### Exercise input

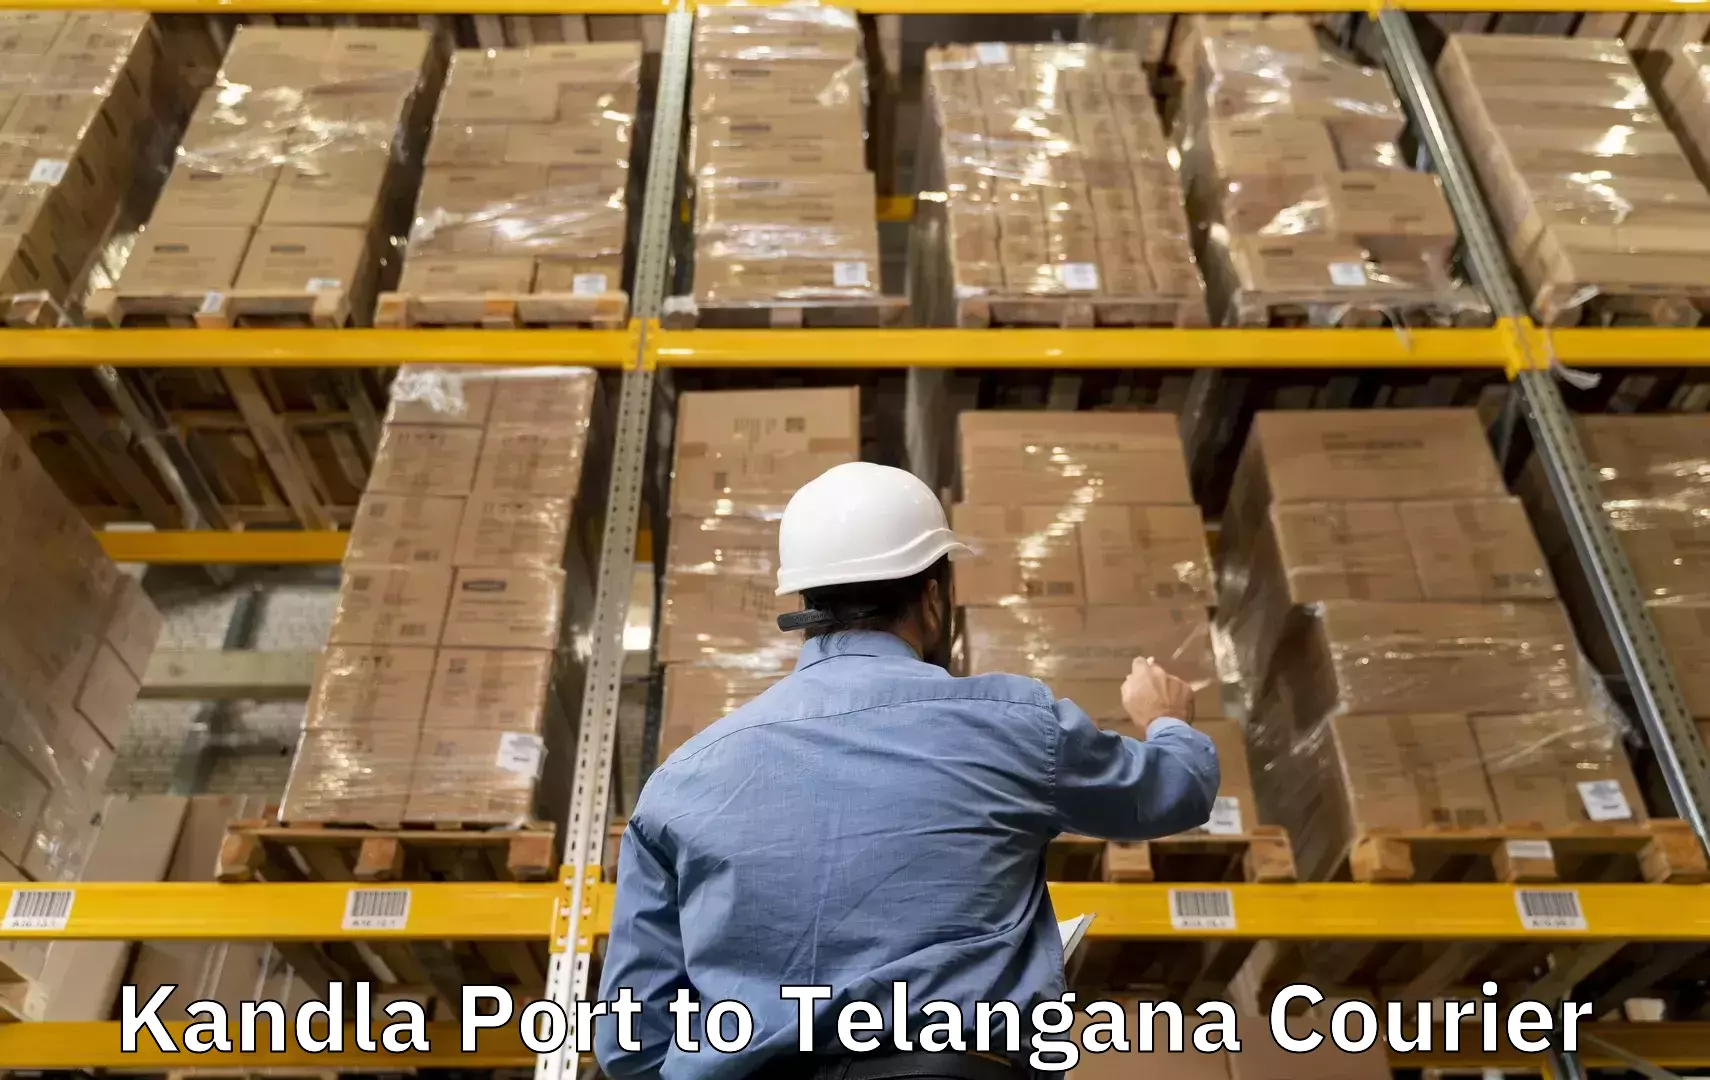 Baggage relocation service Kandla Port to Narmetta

==

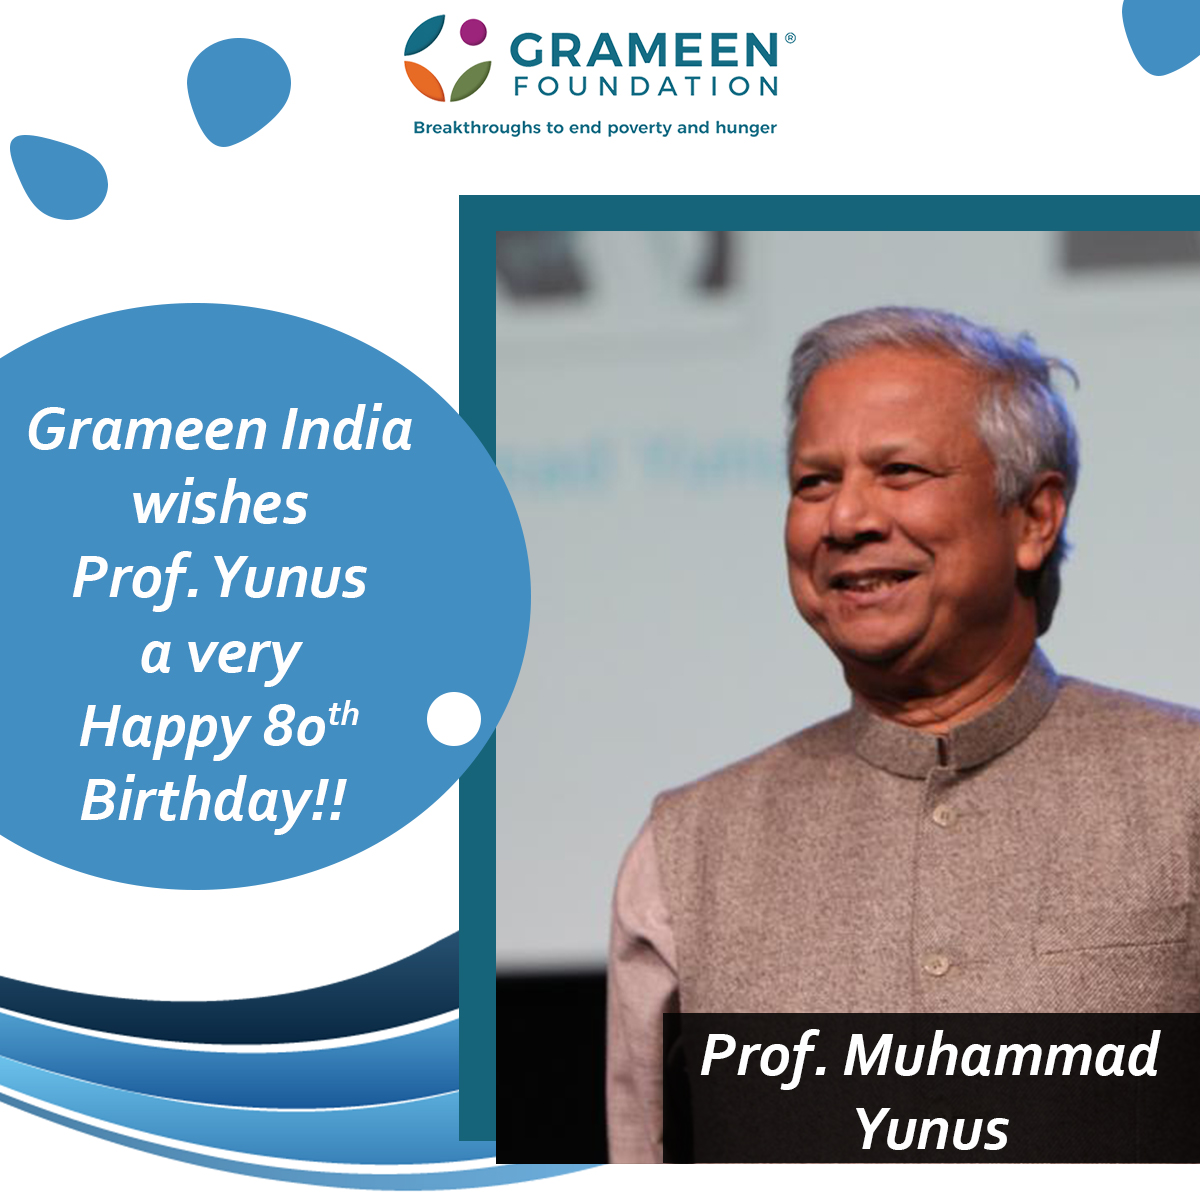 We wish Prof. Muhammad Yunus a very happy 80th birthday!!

---

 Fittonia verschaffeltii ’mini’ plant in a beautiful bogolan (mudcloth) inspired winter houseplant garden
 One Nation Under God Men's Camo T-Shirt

### Exercise directions
Copy out precisely the lines from the line with "Fittonia verschaffeltii ’mini’" to the line with "One Nation Under God Men's Camo T-Shirt" in the material above, including those two lines and omitting all the rest.

### Output of the exercise
 Fittonia verschaffeltii ’mini’ plant in a beautiful bogolan (mudcloth) inspired winter houseplant garden
 One Nation Under God Men's Camo T-Shirt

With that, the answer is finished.